Nojiri Takashi, Arai Miki, Suzuki Yutaka, Kumazoe Motofumi, Tokudome Takeshi, Miura Koichi, Hino Jun, Hosoda Hiroshi, Miyazato Mikiya, Okumura Meinoshin, Kawaoka Shinpei, Kangawa Kenji
Department of Biochemistry, National Cerebral and Cardiovascular Center Research Institute, Suita-City, Osaka, Japan.
Department of General Thoracic Surgery, Osaka University Graduate School of Medicine, Suita-City, Osaka, Japan.
Oncotarget. 2017 May 25;8(39):65534-65547. doi: 10.18632/oncotarget.18032. eCollection 2017 Sep 12.
Cancer establishes a microenvironment called the pre-metastatic niche in distant organs where disseminated cancer cells can efficiently metastasize. Pre-metastatic niche formation requires various genetic factors. Previous studies suggest that inhibiting a single niche-factor is insufficient to completely block pre-metastatic niche formation especially in human patients. Here we show that the atrial natriuretic peptide (ANP), an endogenous hormone produced by the heart, inhibits pre-metastatic niche formation and metastasis of murine solid cancer models when pharmacologically supplied . On the basis of a wealth of comprehensive RNA-seq data, we demonstrated that ANP globally suppressed expression of cancer-induced genes including known niche-factors in the lung. The lungs of mice overexpressing GC-A, a receptor for ANP in endothelial cells, were conferred resistance against pre-metastatic niche formation. Importantly, neither ANP administration nor GC-A overexpression had a detrimental effect on lung gene expression in a cancer-free condition. The current study establishes endothelial ANP-GC-A signaling as a therapeutic target to control the pre-metastatic niche.

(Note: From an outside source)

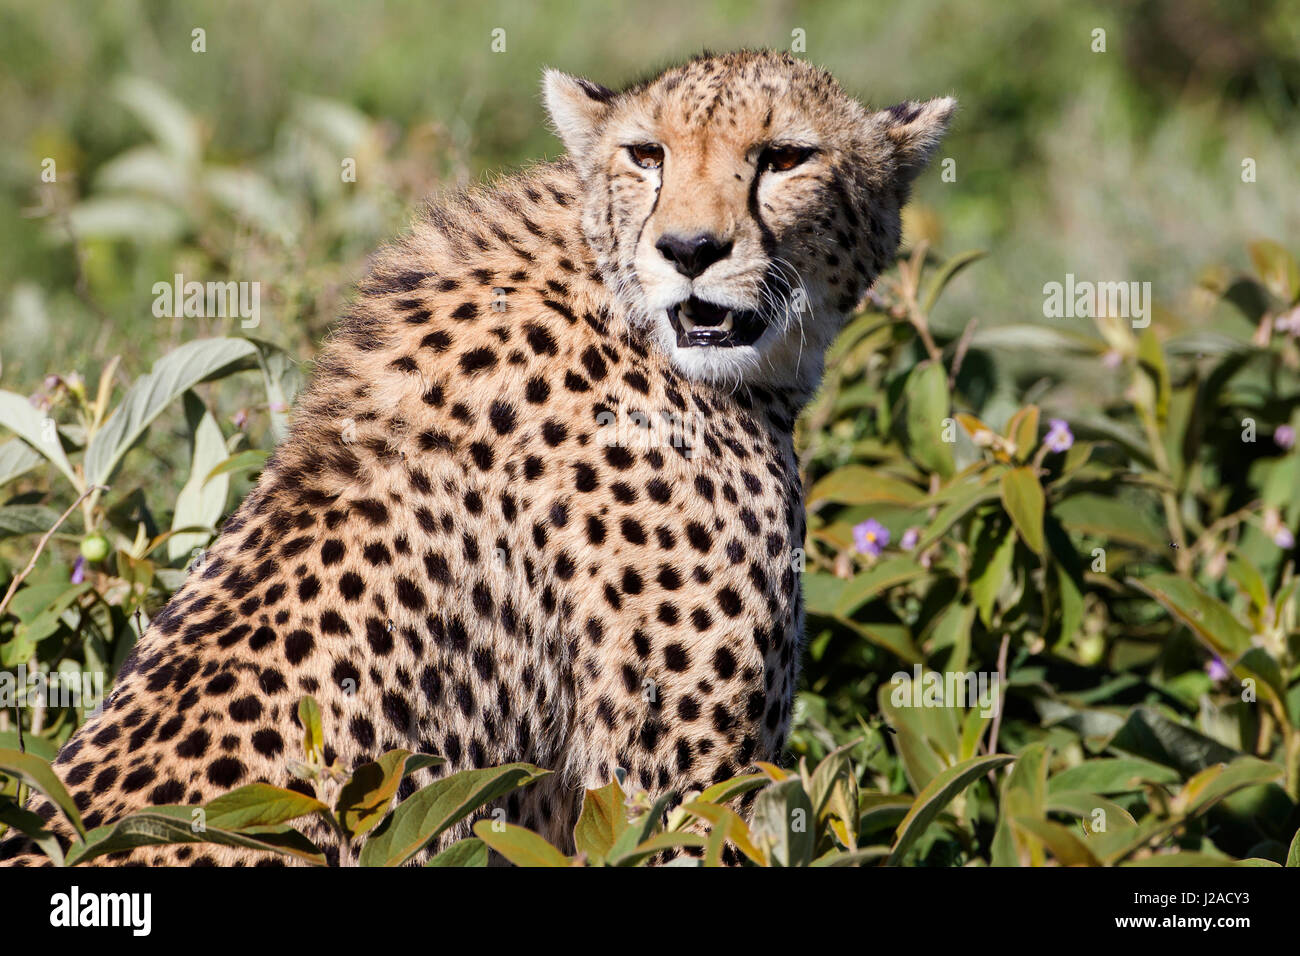 Seul adulte le guépard, le manteau argenté soulevées, se trouve partiellement cachés dans les feuilles vertes, bouche ouverte, dents en avant en partie visible, faisant face à l'appareil photo, la Ngorongoro Conservation Area, Tanzania Banque D'Images

癌症会在远处器官建立一种称为前转移生态位的微环境,在那里播散的癌细胞能够有效地发生转移。前转移生态位的形成需要多种遗传因素。先前的研究表明,抑制单一的生态位因子不足以完全阻断前转移生态位的形成,尤其是在人类患者中。在此我们表明,心房利钠肽(ANP),一种由心脏产生的内源性激素,在药理学给药时可抑制小鼠实体癌模型的前转移生态位形成和转移。基于大量全面的RNA测序数据,我们证明ANP全面抑制癌症诱导基因的表达,包括肺中已知的生态位因子。在内皮细胞中过表达ANP受体GC-A的小鼠肺脏对前转移生态位的形成具有抗性。重要的是,在无癌状态下,给予ANP或过表达GC-A对肺基因表达均无有害影响。当前研究确立了内皮细胞ANP-GC-A信号传导作为控制前转移生态位的治疗靶点。